Burning best in meantime

The Tahuna waste treatment plant. Photo by Gerard O'Brien.
The Tahuna waste treatment plant. Photo by Gerard O'Brien.
The incinerator at the Tahuna waste treatment plant in Dunedin will burn 24 hours a day, seven days a week from September this year, and will do so for the next two years.

The city council agreed to that option, while water and waste staff wait for new technology with better environmental outcomes to be tested in other areas.

The need to get rid of extra sludge will start when the first stage of the Tahuna liquid stream process upgrade is completed in September, part of work on secondary treatment.

Cr Jinty MacTavish raised concerns about the issue at annual plan deliberations, asking what the effect would be on the amount of carbon being put into the atmosphere.

Water and waste services manager John Mackie said it was not the best option in that respect, but it did make the most of existing infrastructure.

It allowed time for an alternative that would deal properly with the issue.

"It's a global issue," he said.

"We're struggling with the best use for human bio-solids.

"There are risks with putting it on land, there are all sorts of things to address."
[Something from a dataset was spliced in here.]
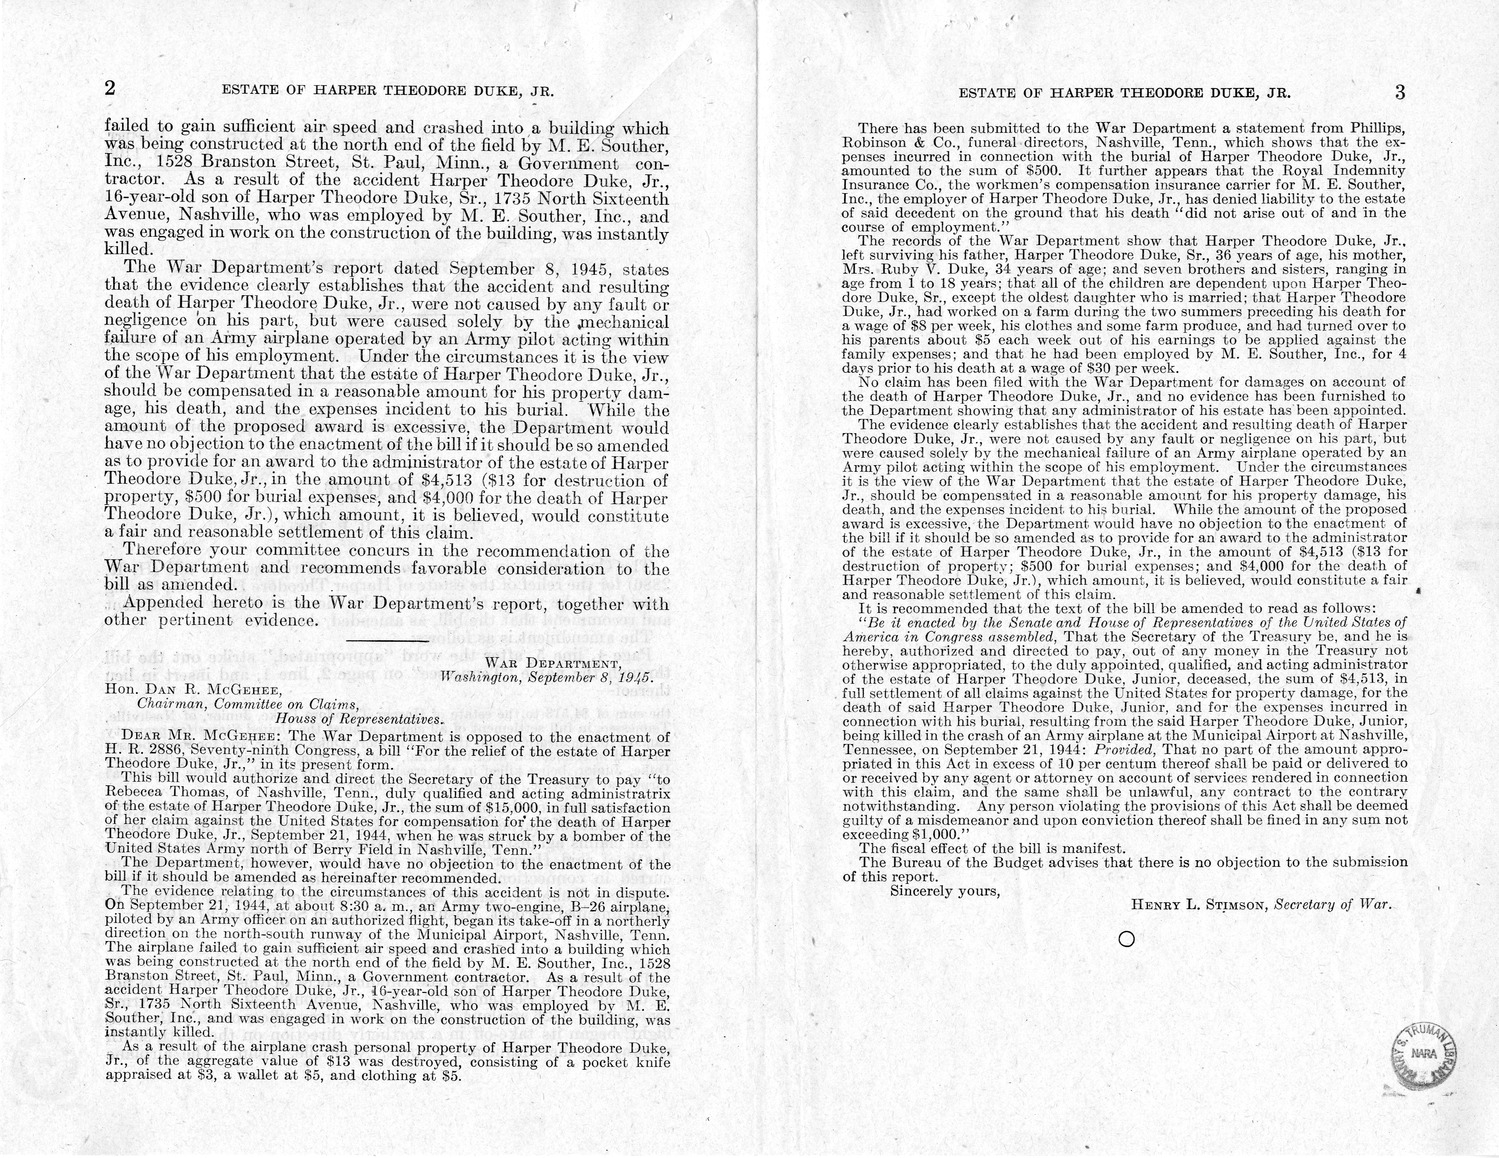 Memorandum from Frederick J. Bailey to M. C. Latta, H.R. 2886, For the Relief of the Estate of Harper Theodore Duke, Junior, with Attachments

Mr Mackie said the world was on the cusp of developing new technologies, something that had been pushed along by carbon credit money.

"Two years is ample to get a robust option without being the first to take on that technology."

Asked if it might take longer than two years, he said consent for burning the sludge at Tahuna would run out in July 2013, and that was a deadline.

However, a report on the issue from solid waste manager Ian Featherston noted an option of extending the consent and deferring adoption of alternative technology.

Not all the sludge could be burned at Tahuna, so some would go to sludge digesters at the council's Green Island waste facility, where electricity could be generated from the process.

The remainder would go to landfill.

Asked about a "build, own and operate" possibility, under which a company would build a plant and deal with the waste, Mr Mackie said that was a possibility.

He wanted $16.4 million left in the budget in the meantime for a plant, in case that did not go ahead.